(Input data):
Content starts

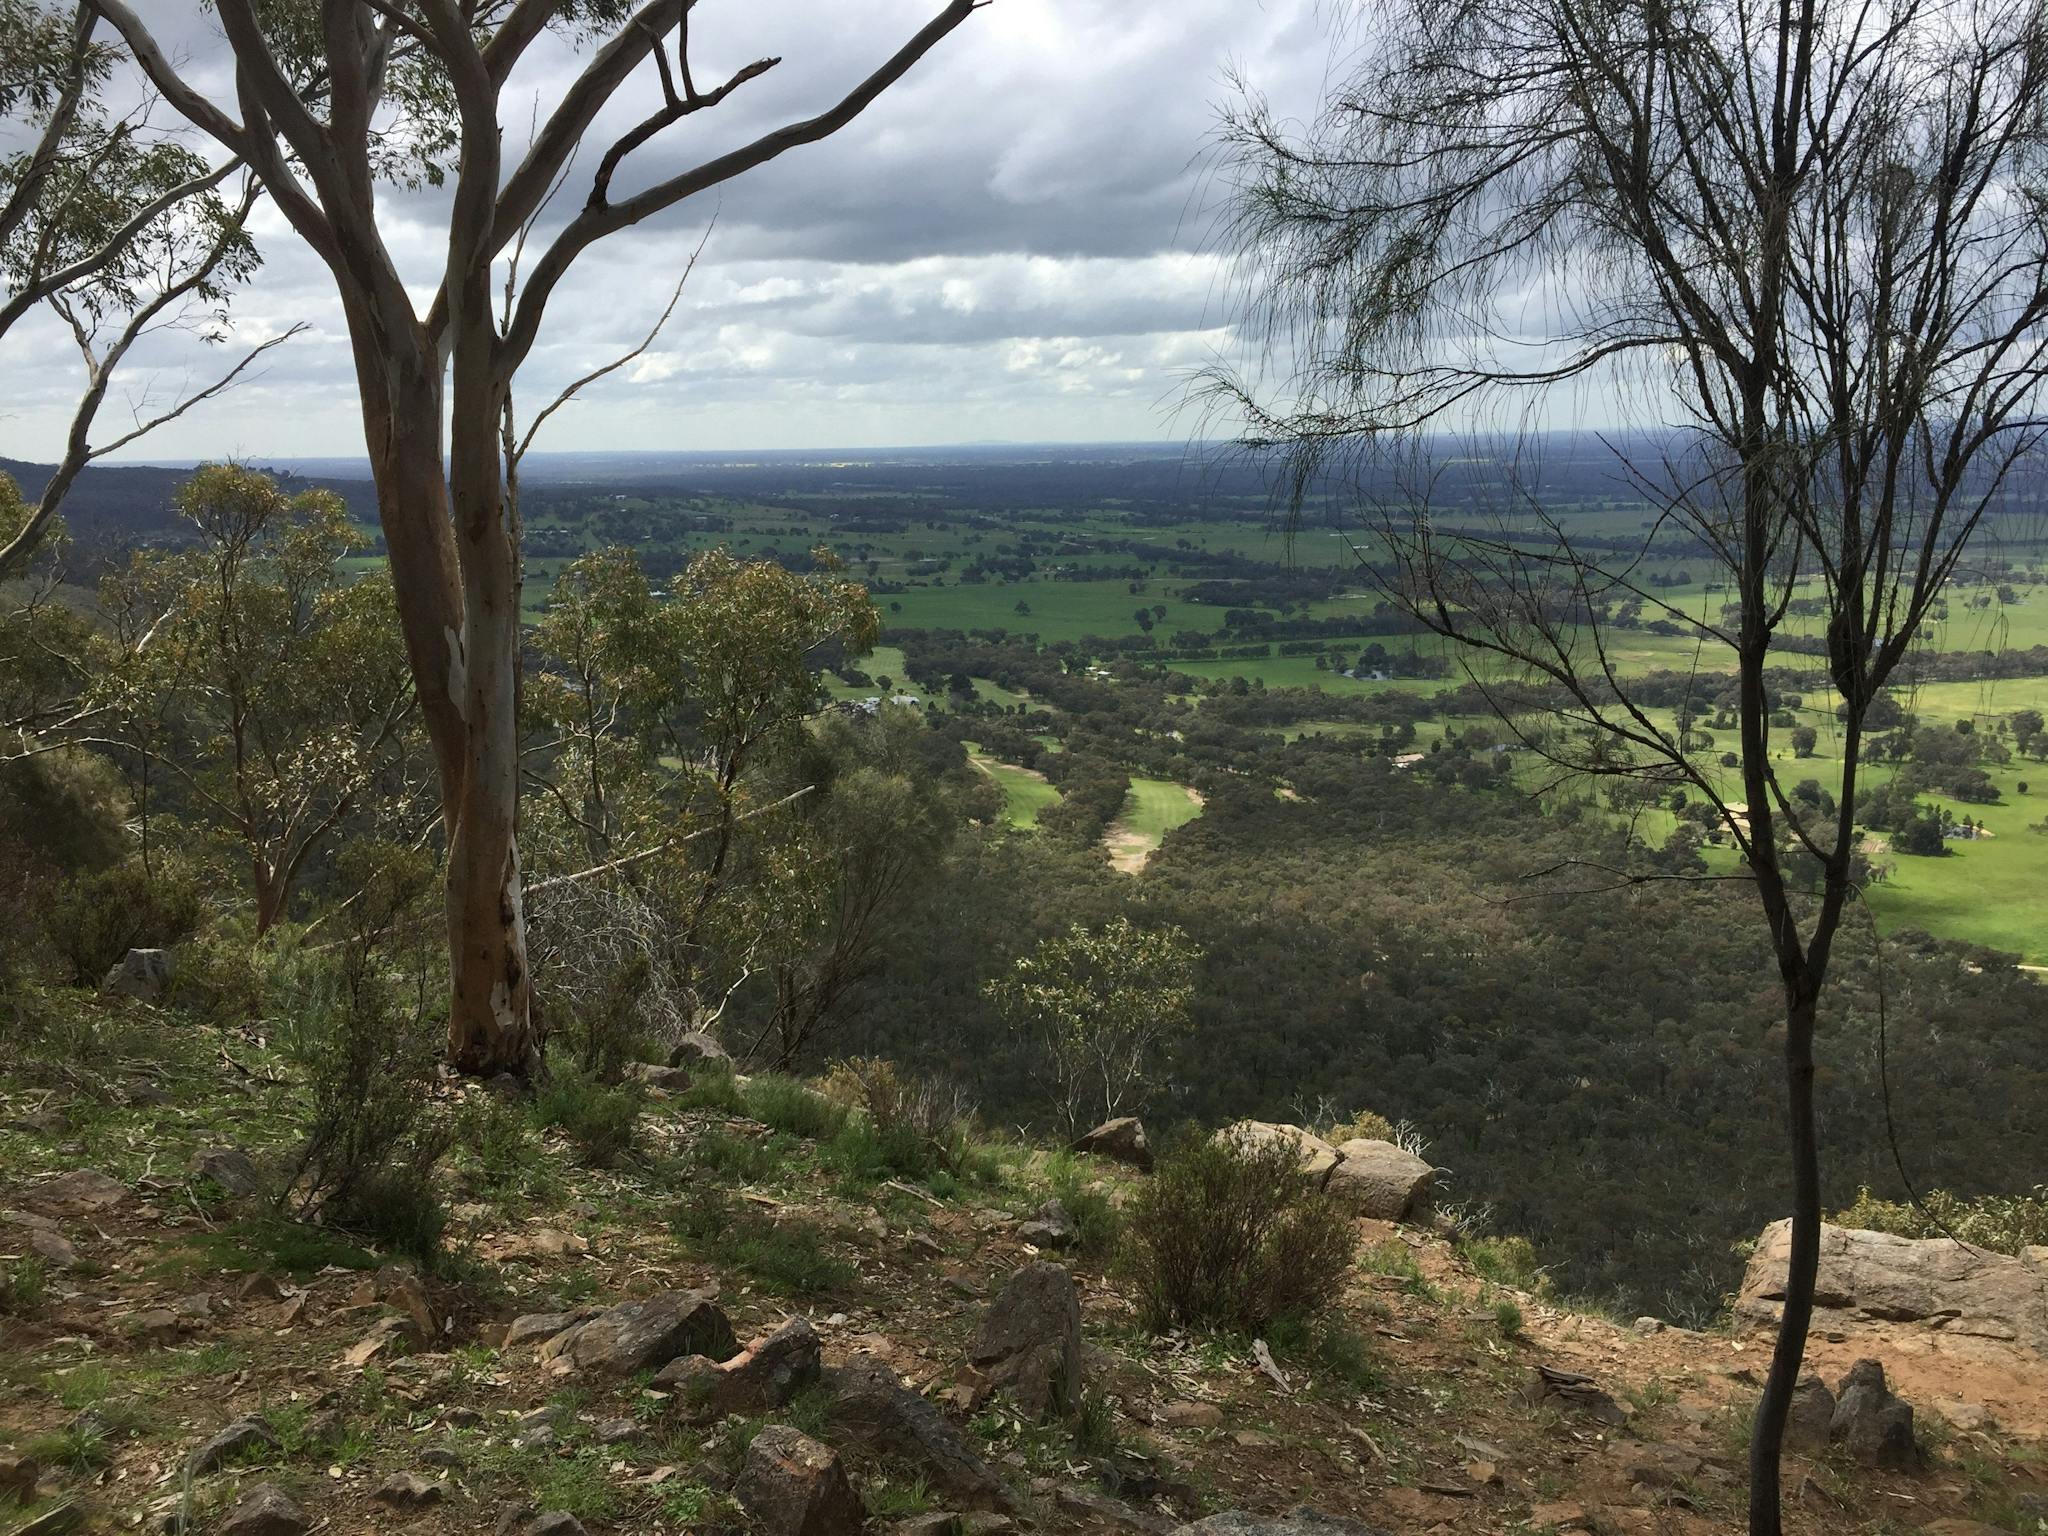 Lookout towards Ovens Valley, bush, trees, rocks, golf course, farm countryside, distant hills
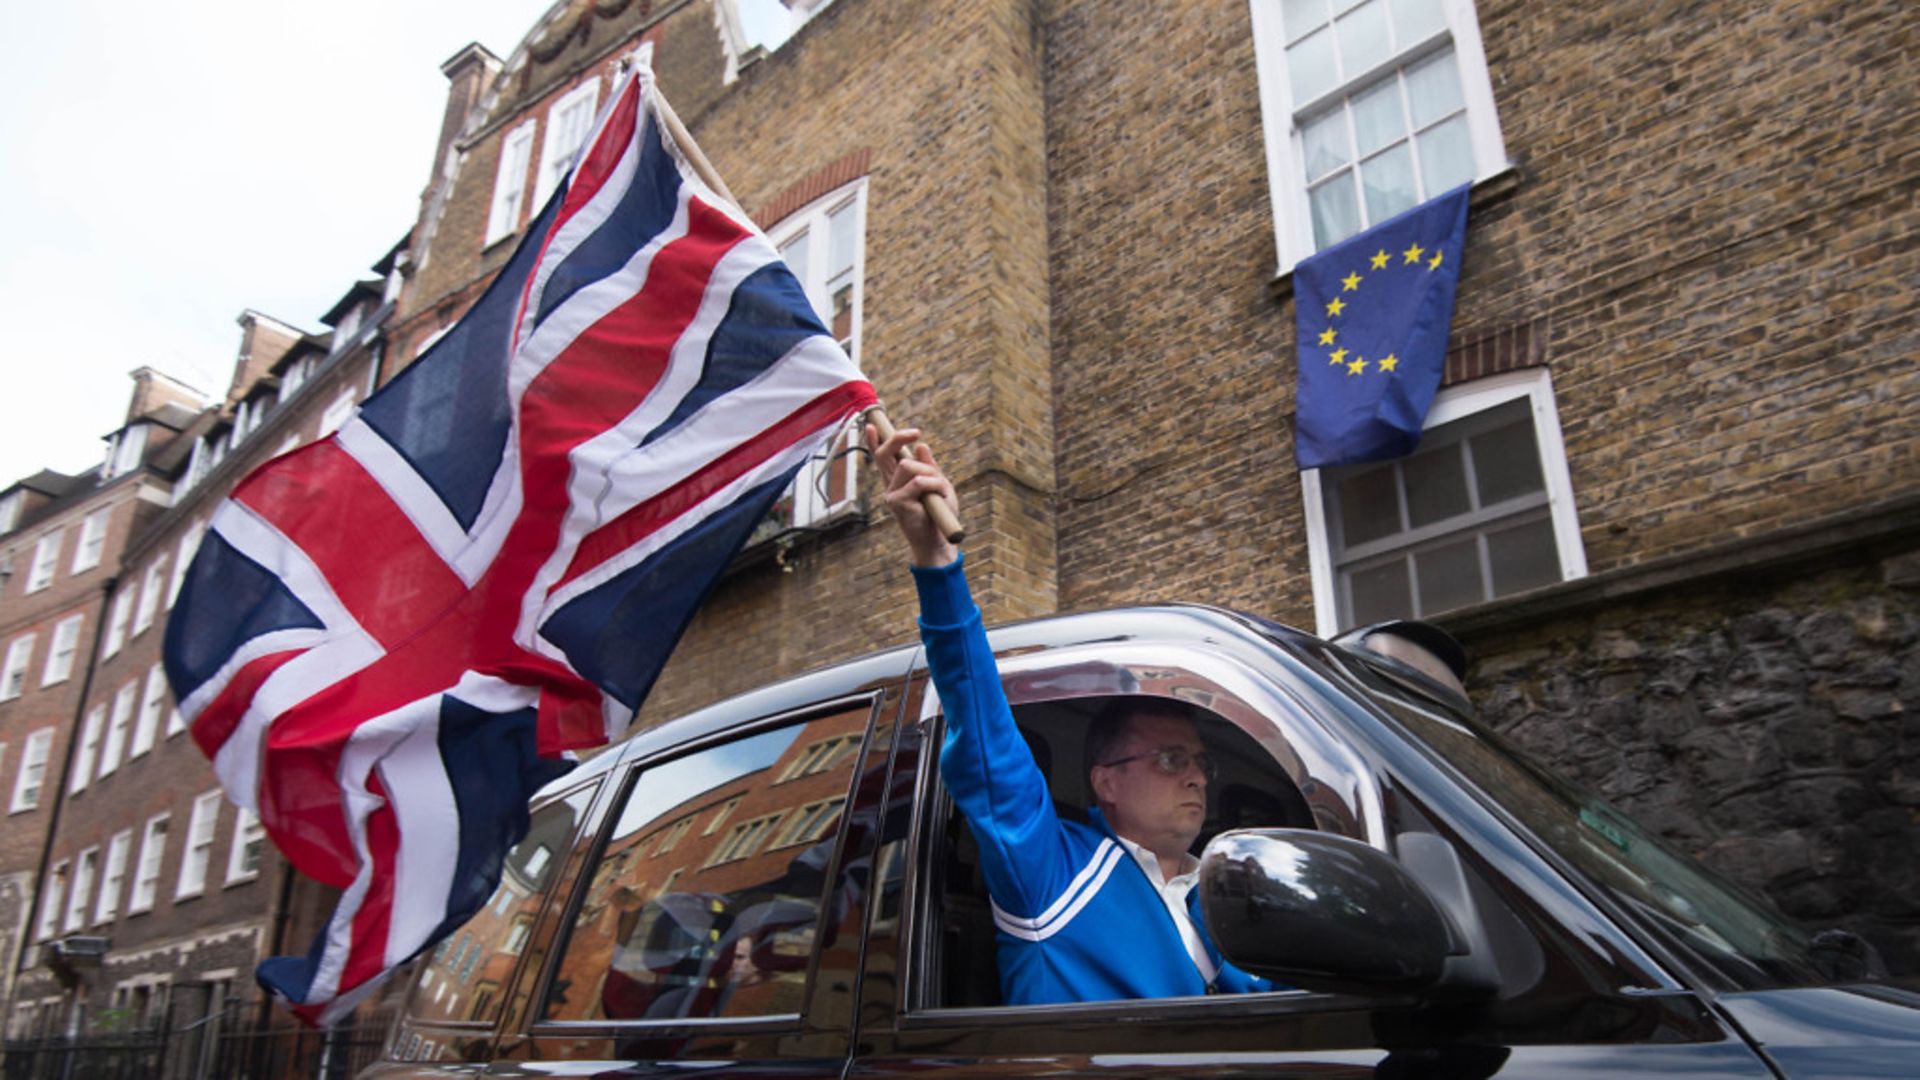 A London taxi driver waves a Union Jack flag in Westminster after the Brexit vote - Credit: PA
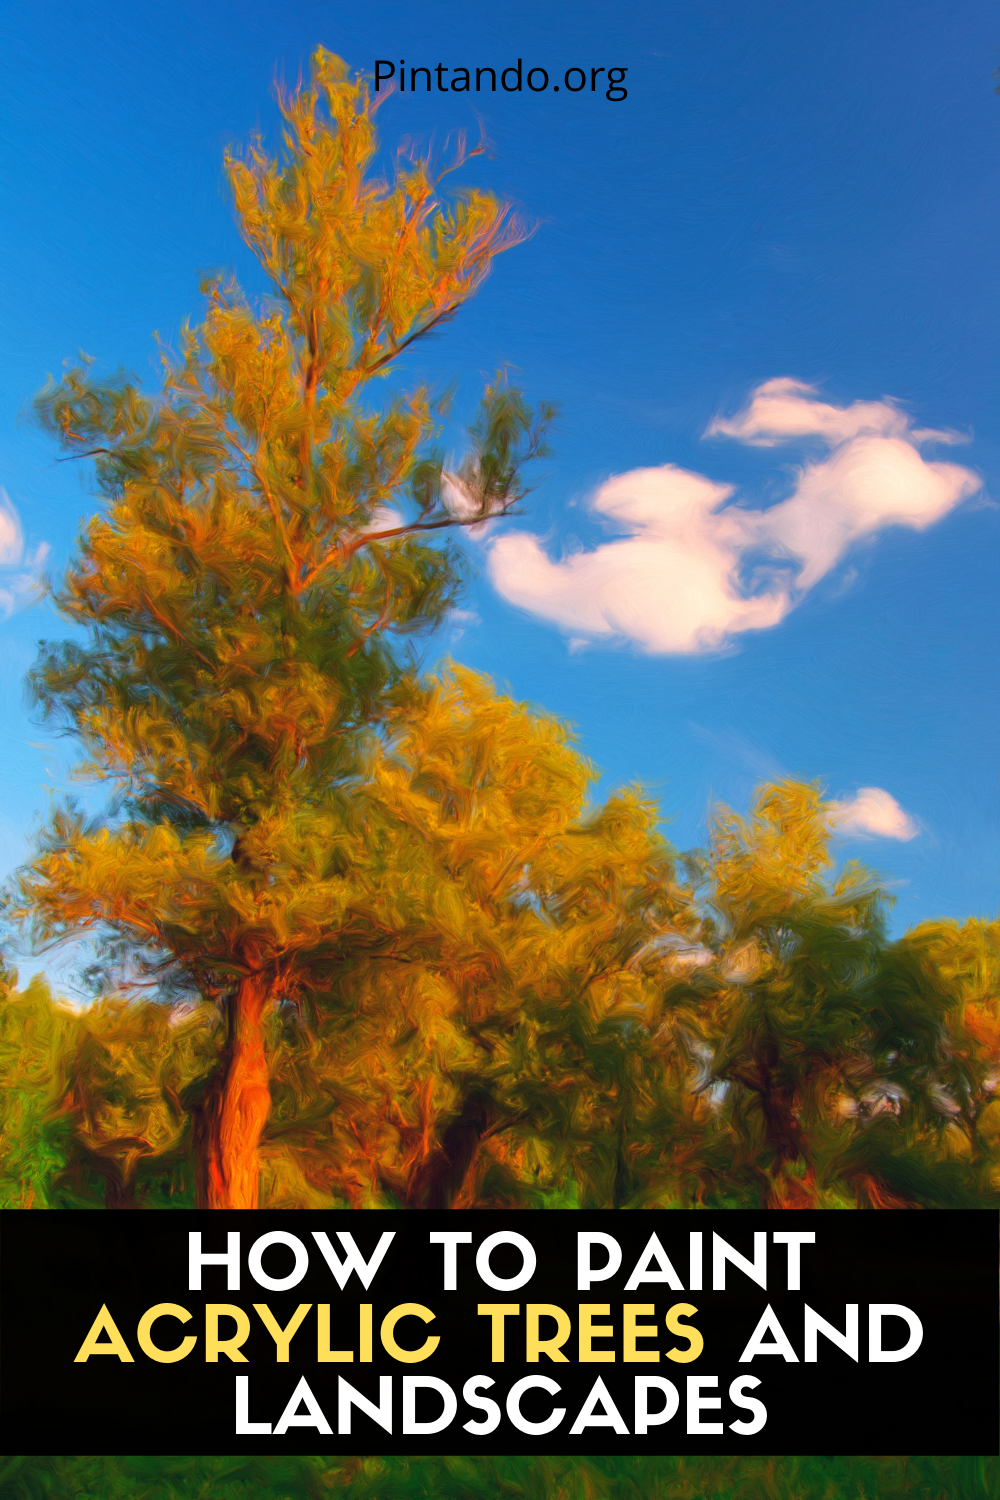 HOW TO PAINT ACRYLIC TREES AND LANDSCAPES (1)

Content ends

(Required action): When you repeat the data, keep it exact and drop every picture.

(Finished exercise):
 Lookout towards Ovens Valley, bush, trees, rocks, golf course, farm countryside, distant hills
 A London taxi driver waves a Union Jack flag in Westminster after the Brexit vote - Credit: PA
 HOW TO PAINT ACRYLIC TREES AND LANDSCAPES (1)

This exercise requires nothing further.